Unfortunately the text is also at the sub par level. The expectation of this book is to give a general understanding of fundamental neuroscience, but it can not form an edifice because they seem to trade brevity to conciseness, hence an incapability to start from the real fundamentals. The text and the contents do not build up from the foundation, instead it directly jumps from the middle, assuming you know the concepts, hence you are not able to form a proper foundation.
There are much better books out there which discuss similar things with better figures and text, such as Kandel's book.
It is not that difficult to make nice figures.
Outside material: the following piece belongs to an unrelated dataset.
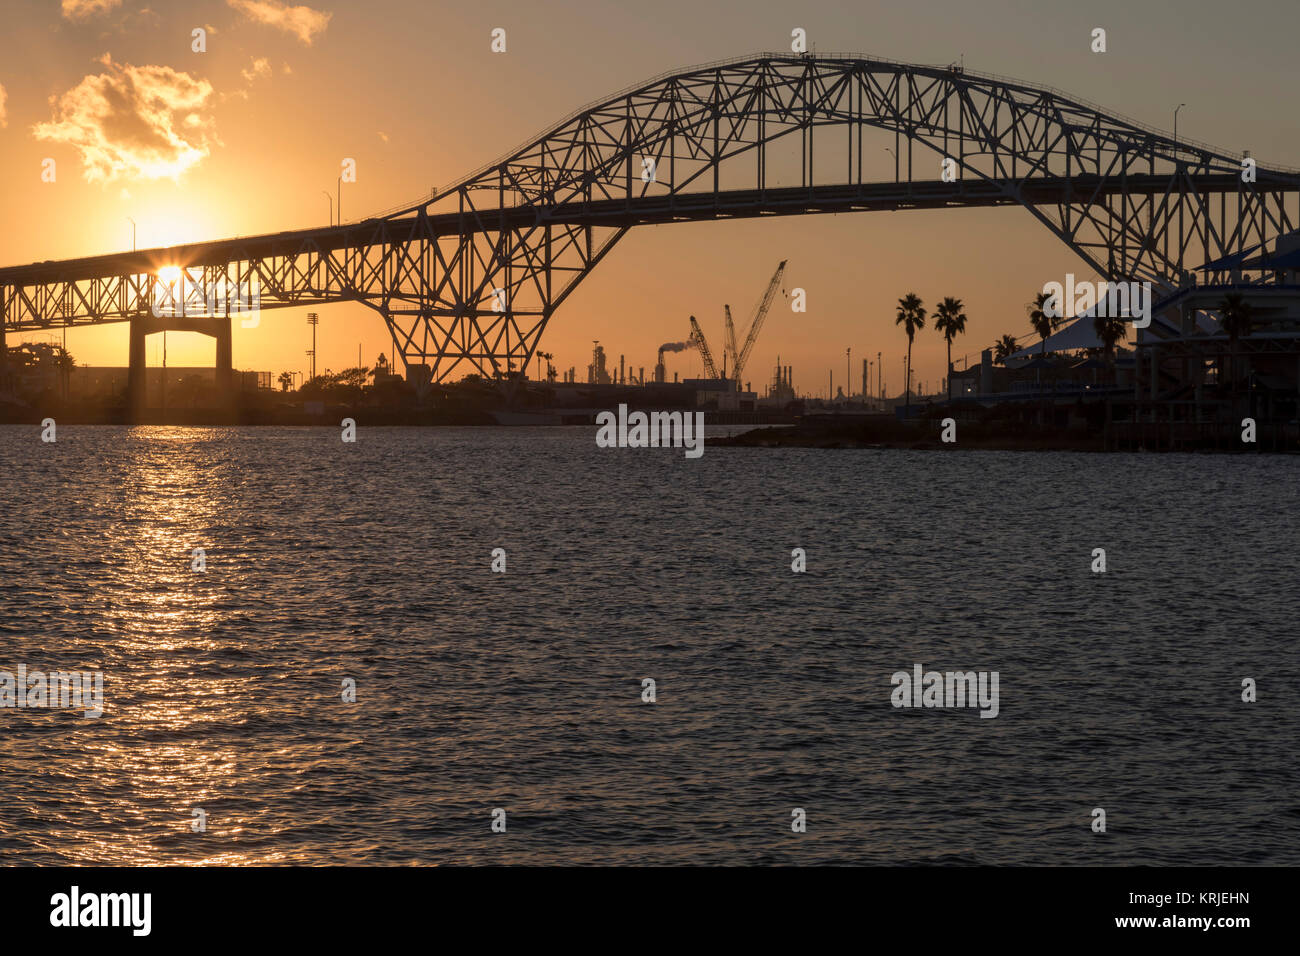 Corpus Christi, Texas - der Corpus Christi Harbour Bridge trägt US Highway 181 über die Corpus Christi Ship Channel. Stockfoto

The authors should focus on better figures for the upcoming editions.
Useful textbook for behavioural or systems neuroscientists. Chapters are written by recognisable experimenters and are well referenced summaries on the more behavioural side of things. Maybe I'm a bit biased in that I particularly appreciate that it is the first major textbook to make a good chapter on human physiological consciousness (sleep).
OK. I admit, I didn't make it through the whole thing. The library made me give it back before I could finish it. C'mon, it was like over 1000 pages! But really good.